Sepanjang 2025, kawasan berhasil menghimpun investasi sebesar Rp4,87 triliun dengan total pemanfaatan lahan 93,67 hektare, menghadirkan momentum besar bagi realisasi investasi industri nasional.
Sebanyak 12 investor dari Hong Kong, Singapura, Malaysia, Indonesia, dan China resmi bergabung sepanjang 2025 ini.
Para investor tersebut mengisi kawasan dengan industri strategis meliputi baterai, otomotif, alat kesehatan, garmen, furnitur luar ruang, makanan dan minuman, alas kaki, baja, tekstil, hingga kemasan.
"Komposisi sektor yang beragam ini memperkuat ekosistem industri yang lengkap, modern, dan berdaya saing global," ujar Direktur Utama KEK Industropolis Batang, Ngurah Wirawan, dalam keterangan resminya, Jumat (19/12/2025).
Menurut Ngurah, capaian ini juga sekaligus mendorong proyeksi serapan lebih dari 9.000 tenaga kerja, memberikan dampak langsung bagi masyarakat Batang dan Jawa Tengah.
Sejumlah perusahaan bahkan telah memulai operasional lebih awal, seperti PT Fondfashion
Seamless Garment, yang memanfaatkan Bangunan Pabrik Siap Pakai (BPSP) sembari menunggu penyelesaian pembangunan fasilitas utama mereka.
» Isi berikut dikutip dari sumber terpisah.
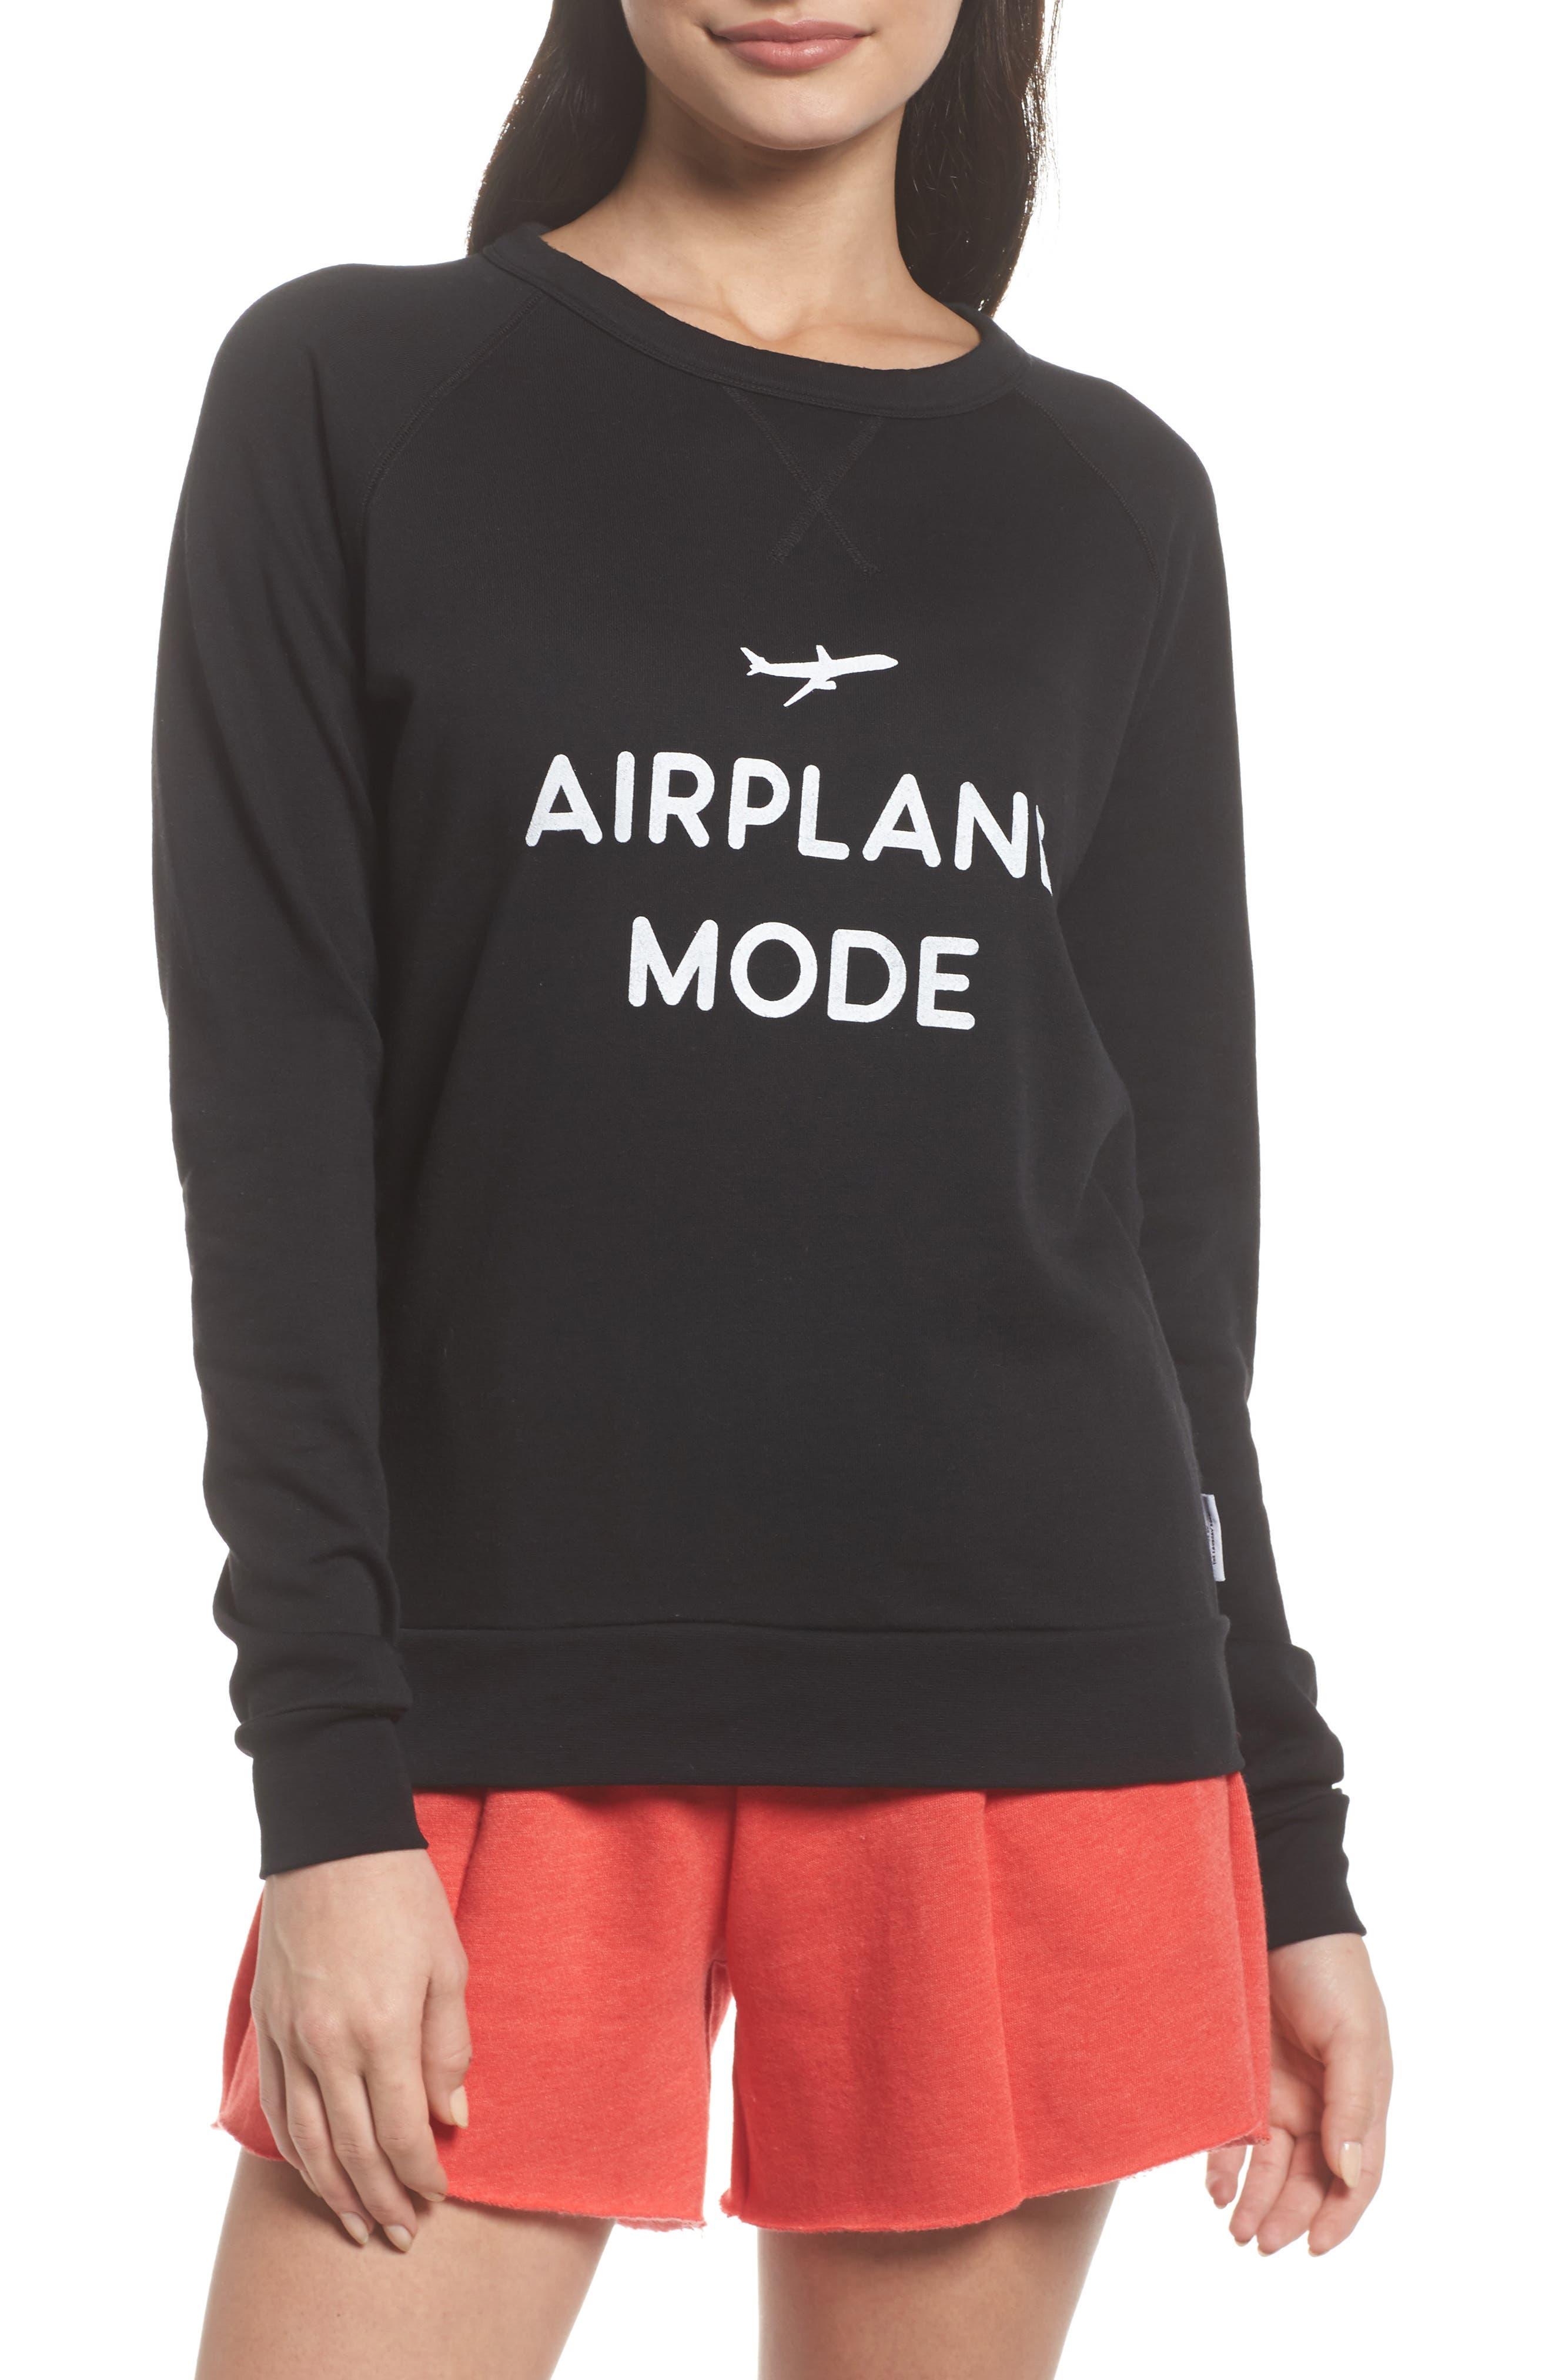 The Laundry Room Airplane Mode Cozy Lounge Sweatshirt

Investor lainnya akan beroperasi secara bertahap pada 2026, 2027, dan 2028, sehingga aktivitas ekonomi di kawasan akan terus meningkat dari tahun ke tahun.
Selain itu, Ngurah menjelaskan, periode 2025 juga diperkuat oleh hadirnya investor berskala besar seperti PT LBM Energi Baru Indonesia, perusahaan pendukung industri kendaraan listrik (EV) yang menjadi penyerap lahan terbesar tahun ini yaitu 31,72 hektare, memperkuat rantai pasok EV nasional.
Sementara, Yotrio / JJD Outdoors, produsen furnitur luar ruang berorientasi ekspor, memberikan kontribusi signifikan pada proyeksi kebutuhan tenaga kerja untuk pemenuhan pasar Amerika Serikat dan Eropa.
Seluruh capaian ini sejalan dengan Asta Cita Pemerintah, terutama agenda penguatan industri nasional, penciptaan lapangan kerja berkualitas, dan akselerasi hilirisasi.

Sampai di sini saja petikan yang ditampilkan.